Classification: Public
Last updated: 2026-04-15
Applies to: Open-source and self-hosted DocsGPT deployments

1) Overview

DocsGPT ingests content (files/URLs/connectors), indexes it, and answers queries via LLM-backed APIs and optional tools.

Core components:

Backend API (application/)
Workers/ingestion (application/worker.py and related modules)
Datastores (MongoDB/Redis/vector stores)
Frontend (frontend/)
Optional extensions/integrations (extensions/)

2) Scope and assumptions

In scope:

Application-level threats in this repository.
Local and internet-exposed self-hosted deployments.

Assumptions:

Internet-facing instances enable auth and use strong secrets.
Datastores/internal services are not publicly exposed.

Out of scope:

Cloud hardware/provider compromise.
Security guarantees of external LLM vendors.
Full security audits of third-party systems targeted by tools (external DBs/MCP servers/code-exec APIs).

3) Security objectives

Protect document/conversation confidentiality.
Preserve integrity of prompts, agents, tools, and indexed data.
Maintain API/worker availability.
Enforce tenant isolation in authenticated deployments.

4) Assets

Documents, attachments, chunks/embeddings, summaries.
Conversations, agents, workflows, prompt templates.
Secrets (JWT secret, INTERNAL_KEY, provider/API/OAuth credentials).
Operational capacity (worker throughput, queue depth, model quota/cost).

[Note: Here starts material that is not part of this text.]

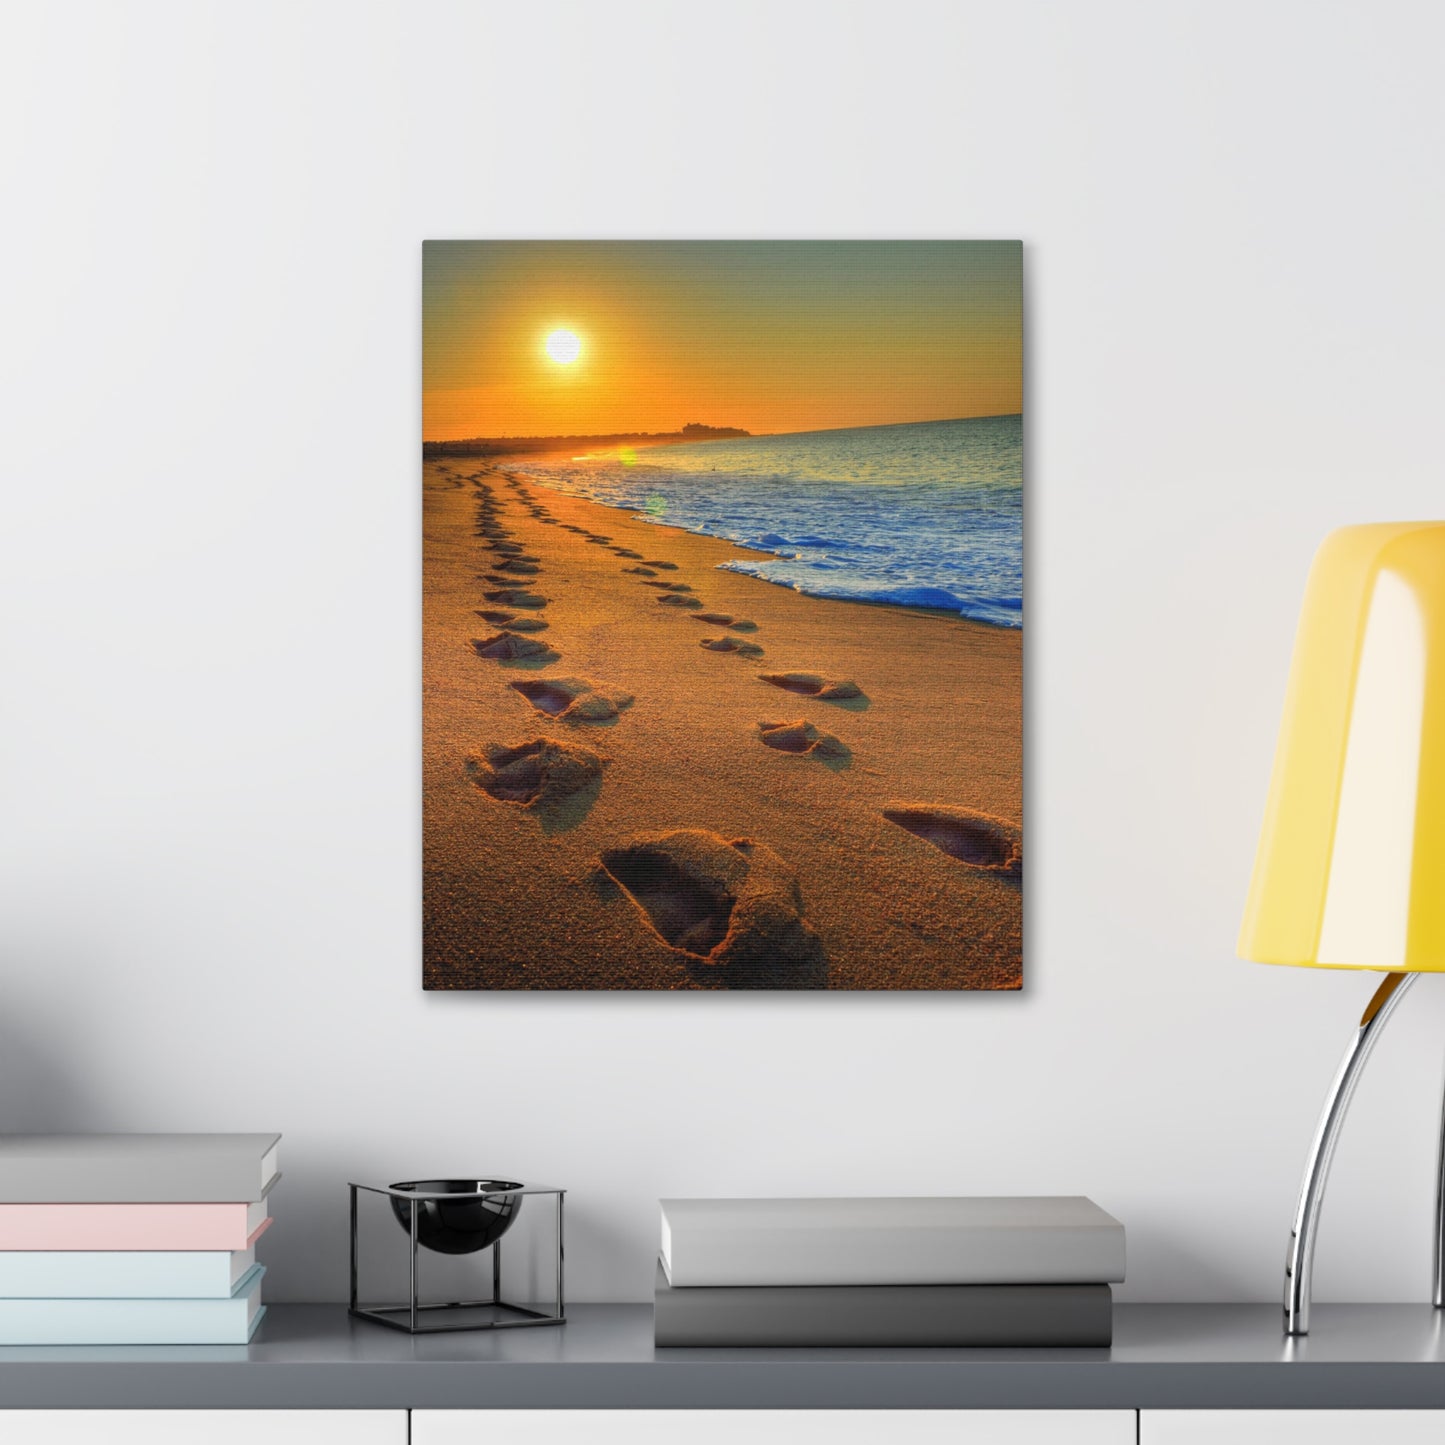 Canvas Print Of A Sunrise On The Beach For Wall Art

5) Trust boundaries and untrusted input

Trust boundaries:

Internet ↔ Frontend
Frontend ↔ Backend API
Backend ↔ Workers/internal APIs
Backend/workers ↔ Datastores
Backend ↔ External LLM/connectors/remote URLs

Untrusted input includes API payloads, file uploads, remote URLs, OAuth/webhook data, retrieved content, and LLM/tool arguments.

6) Main attack surfaces

Auth/authz paths and sharing tokens.
File upload + parsing pipeline.
Remote URL fetching and connectors (SSRF risk).
Agent/tool execution from LLM output.
Template/workflow rendering.
Frontend rendering + token storage.
Internal service endpoints (INTERNAL_KEY).
High-impact integrations (SQL tool, generic API tool, remote MCP tools).

7) Key threats and expected mitigations

A. Auth/authz misconfiguration

Threat: weak/no auth or leaked tokens leads to broad data access.
Mitigations: require auth for public deployments, short-lived tokens, rotation/revocation, least-privilege sharing.

B. Untrusted file ingestion

Threat: malicious files/archives trigger traversal, parser exploits, or resource exhaustion.
Mitigations: strict path checks, archive safeguards, file limits, patched parser dependencies.

C. SSRF/outbound abuse

Threat: URL loaders/tools access private/internal/metadata endpoints.
Mitigations: validate URLs + redirects, block private/link-local ranges, apply egress controls/allowlists.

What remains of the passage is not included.